Reliability of Automated RECIST 1.1 and Volumetric RECIST Target Lesion Response Evaluation in Follow-Up CT--A Multi-Center, Multi-Observer Reading Study

I. Dahm, M. Kolb, S. Altmann, K. Nikolaou, S. Gatidis, A. Othman, A. Hering, J. Moltz and F. Peisen

Cancers 2024;16:4009.

Objectives: To evaluate the performance of a custom-made convolutional neural network (CNN) algorithm for fully automated lesion tracking and segmentation, as well as RECIST 1.1 evaluation, in longitudinal computed tomography (CT) studies compared to a manual Response Evaluation Criteria in Solid Tumors (RECIST 1.1) evaluation performed by three radiologists. Methods: Baseline and follow-up CTs of patients with stage IV melanoma (n = 58) was investigated in a retrospective reading study.
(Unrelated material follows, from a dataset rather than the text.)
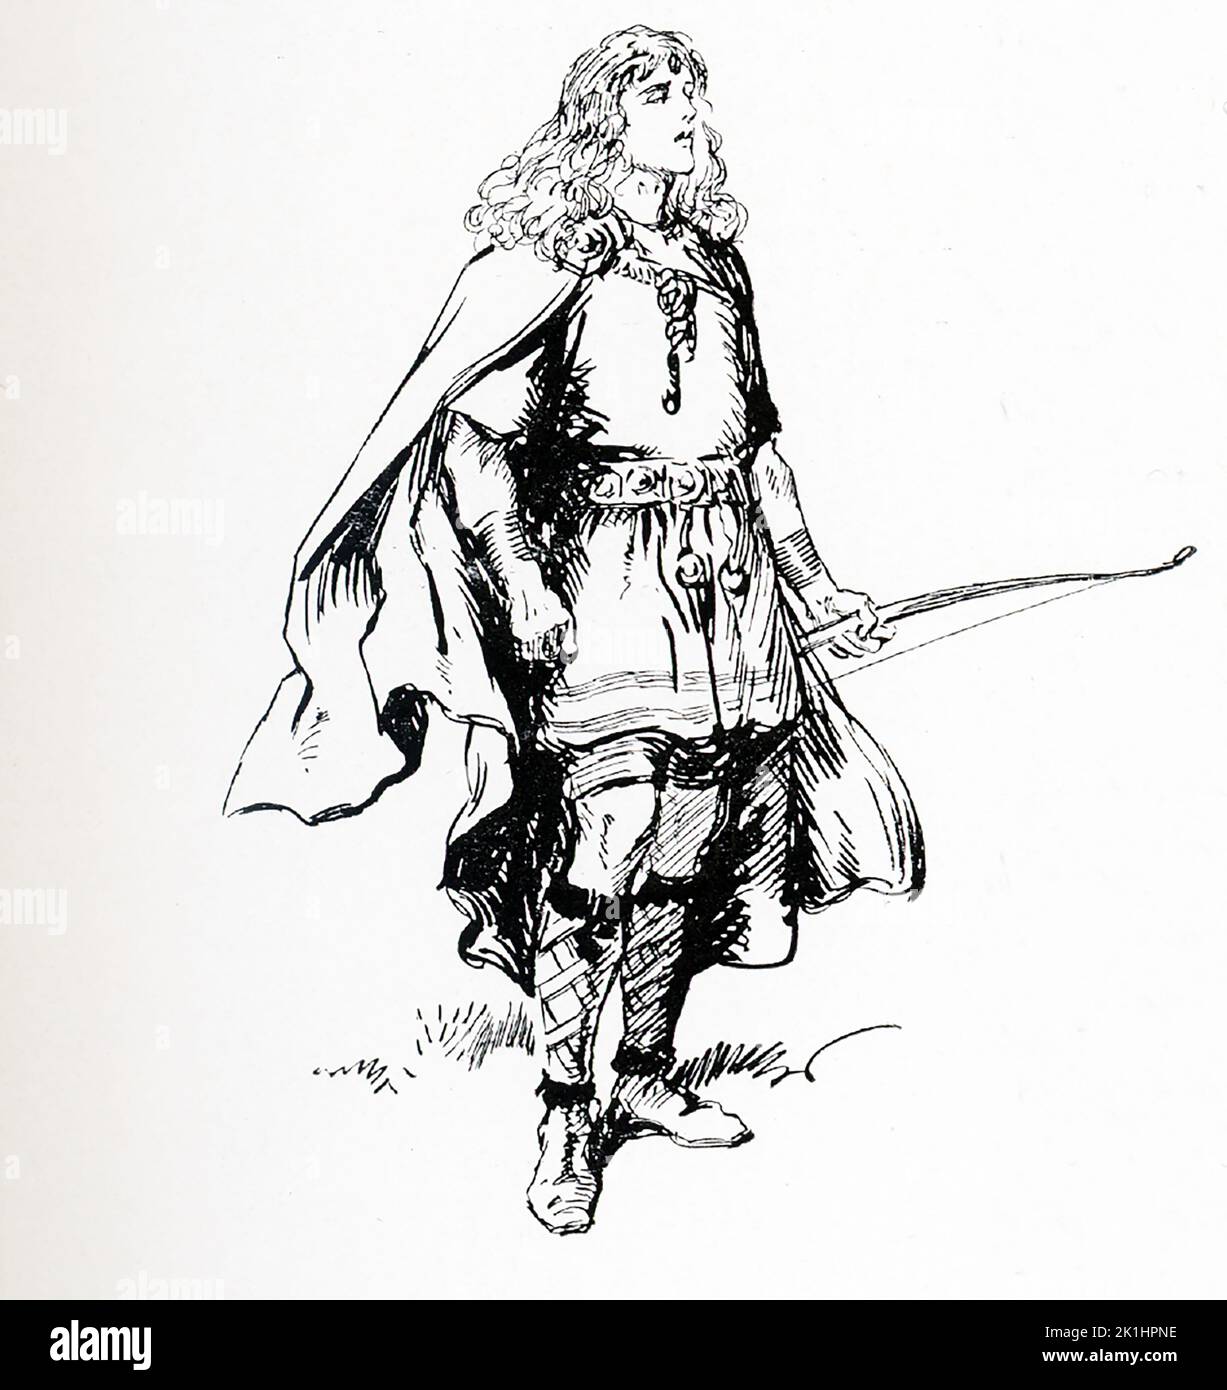 Secondo la mitologia norrena, Balder (anche Baldr e Baldur) è il dio norreno della pace, della luce e della primavera. Figlio del potente Odino, fu amato dagli Aesir, gli dei norrani. Questa illustrazione di Gordon Browne risale al 1913. Foto Stock

Three radiologists performed manual measurements of metastatic lesions. Fully automated segmentations were generated, and diameters and volumes were computed from the segmentation results, with subsequent RECIST 1.1 evaluation. We measured (1) the intra- and inter-reader variability in the manual diameter measurements, (2) the agreement between manual and automated diameter measurements, as well as the resulting RECIST 1.1 categories, and (3) the agreement between the RECIST 1.1 categories derived from automated diameter measurement compared to automated volume measurements. Results: In total, 114 target lesions were measured at baseline and follow-up. The intraclass correlation coefficients (ICCs) for the intra- and inter-reader reliability of the diameter measurements were excellent, being >0.90 for all readers. There was moderate to almost perfect agreement when comparing the timepoint response category derived from the mean manual diameter measurements from all three readers with those derived from automated diameter measurements (Cohen's k 0.67-0.76). The agreement between the manual and automated volumetric timepoint responses was substantial (Fleiss' k 0.66-0.68) and that between the automated diameter and volume timepoint responses was substantial to almost perfect (Cohen's k 0.81). Conclusions: The automated diameter measurement of preselected target lesions in follow-up CT is reliable and can potentially help to accelerate RECIST evaluation.